Tuesday, October 11, 2005

Candles in the fireplace

Fire almost always puts me in a poetic mood.  Watching a few candles in my living room on a dark summer night, or the roar in a fireplace in winter.  Even these images of warmth and comfort as I’m drawing them up in my mind seem to wrap me in a contemplative state of mind. I wrote a poem about fire once long ago, the parts I remember of it are the same today.

When I look at a fireplace, it feels devoid of life until a roaring fire gets going.  I feel that fire is life, the embers spirit, and the transformation the end, not the means.  It’s a parallel to real life.  

Even the different types of fire are representative of life and people.

Simple white candles are nothing spectacular; yet they provide a decent and quiet light. Sometimes they spurt a little, akin to a brief uprising.  Coloured candles, especially the rebellious red ones, will spurt and spit more often than white.  Once lit, candles require very little minding to keep going, but put them in a roaring fire and they disappear!  I know people who are candles.

A wood fire is more intense, but needs a hot spot between two chunks of wood to keep going.  Two logs must face each other for the fire to burn brightly, otherwise it will quickly diminish extinguishing itself after turning the wood surface to soot.  A wood fire is always beautiful but often short lived, unless more logs are added.  Maybe two logs facing each other are a couple, or possibly friends, giving each other the warmth they both need.

Embers will keep a wood fire alive, where one log may be insufficient by itself.  Embers are hot and old.  Embers come from logs that have burned brightly.  Embers are spirits of past fire keeping one log warm and lit, maybe in times when we are alone.  Even if another log is never added, embers are hot enough to keep a soft fire going for a long time.

Fuel fires are sometimes flashy, sometimes short-lived, but so very powerful.  
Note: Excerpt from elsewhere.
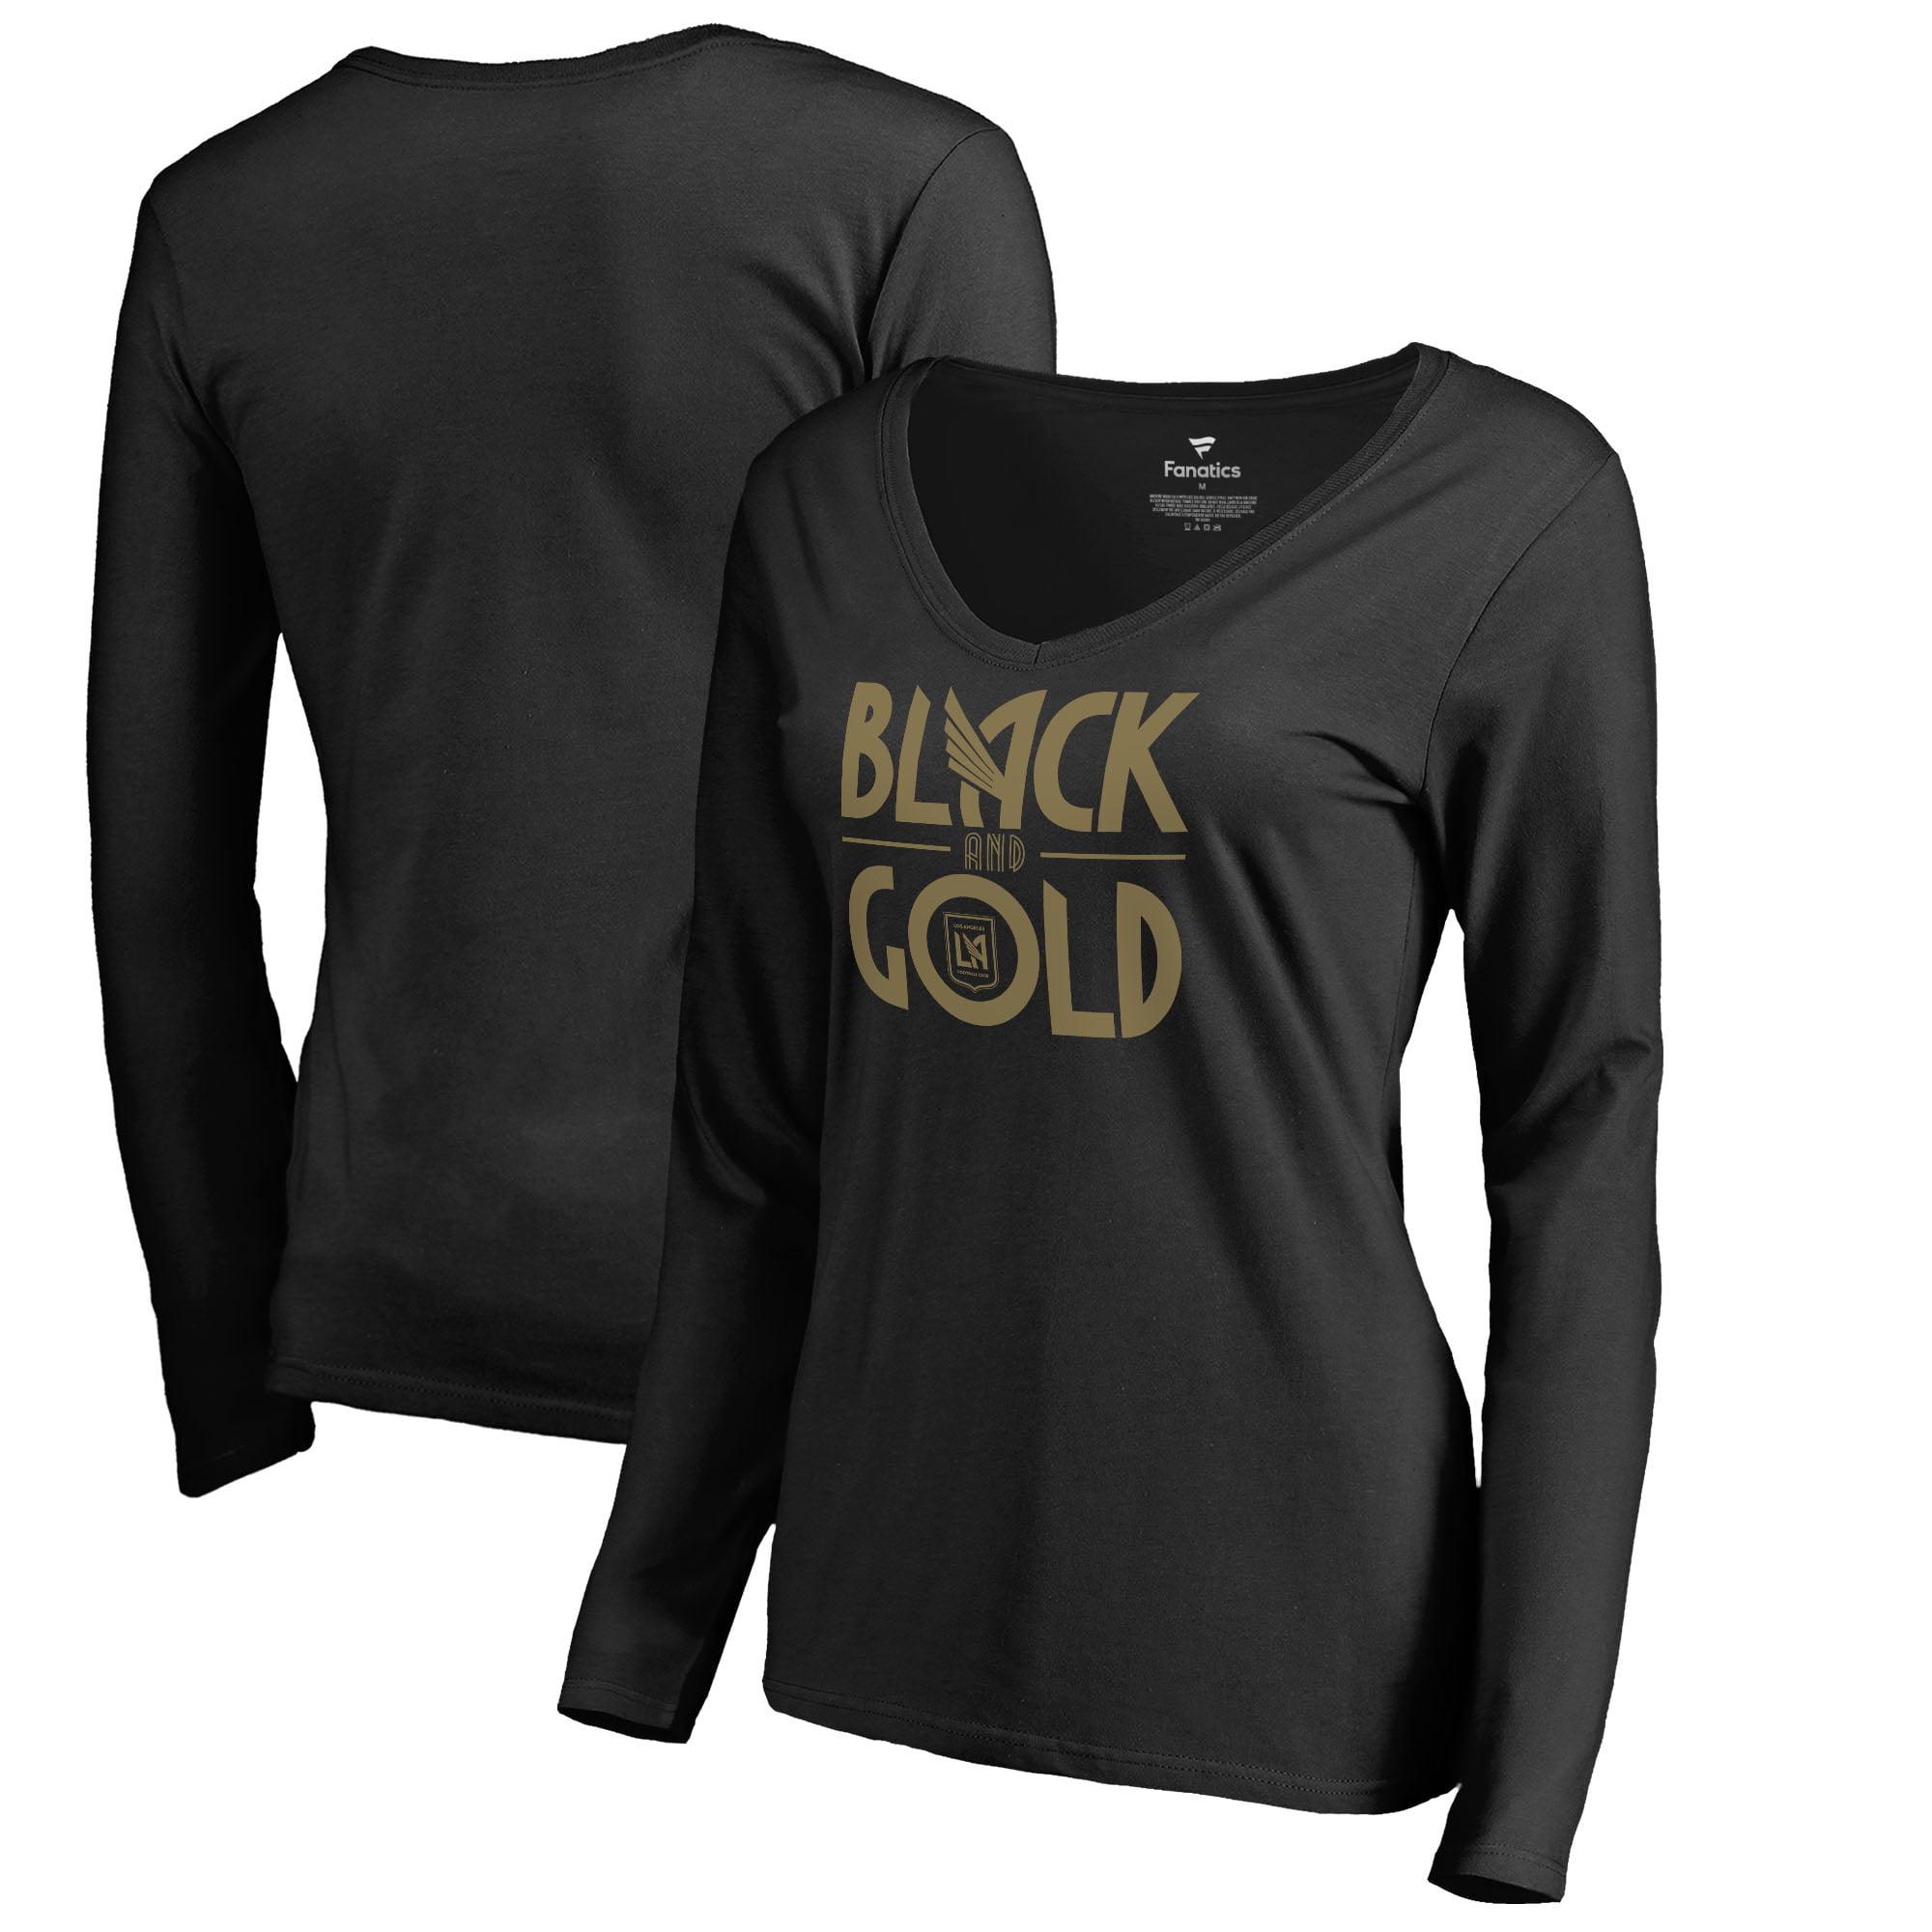 LAFC Fanatics Branded Women's Hometown Collection Black & Gold Long Sleeve V-Neck T-Shirt - Black

Briquettes, for example, are efficient embers for cooking BBQ.  Briquettes are pre-made fast moving spirits for preparing food: food is life too!  Convenient and useful, possibly like acquaintances or people around us that we need to draw upon, briefly, once in a while.  

Gas fires have two qualities:  powerful and bright.  Heat from a gas fire is intense, stable, and comes in a beautifully intense blue hue.  The underside of the BBQ burner is so very pretty as the gas escapes from a thousand tiny holes and ignites.  Gas is multi-purpose; it can generate heat, and large amounts of it, and can blaze very brightly in a lantern.  Under proper, yet simplest care, gas fires are one’s steadfast friends.

Alcohol makes for a cooler fire, with very little energy, and very little light.  But it is easy to manage as a simple bowl or glass of alcohol can be set on fire and will burn happily within it’s confines.  Alcohol is bohemian. Its flame is cloud-like and dances in the bowl. It also cannot be trusted.

Liquid fuel fires are nastiest.  They are hard to control, and require infinite care.  Some are invisible and will cause pain, heartache and terrible damage.  Some are very visible and will often cause panic.  All have proven to be useful, but they have also proven to be dangerous.  There is never anything simple about liquid fires, but they are necessary.  

These fires are also motive power for cars and aircraft, ships and trains where they are well hidden and harnessed.  Complex machinations are often required to keep them in check and useful.  Maybe liquid fires are society at large?

Liquid fuel can re-energize a waning wood fire for a very short time, yet that same fuel will utterly destroy a candle!   That’s something to think about.

My favourite fire is that which gives.  A candle lighting another gives itself yet loses nothing.  The match giving birth to that first flame is self-fulfilling when struck! The lighter gives one ready access to light and heat on a moments notice.  

Maybe lighters are our friends and parents.  They provide a little illumination when we are in the dark, guidance until we can light a candle or lantern, and that first flame to get our fires going.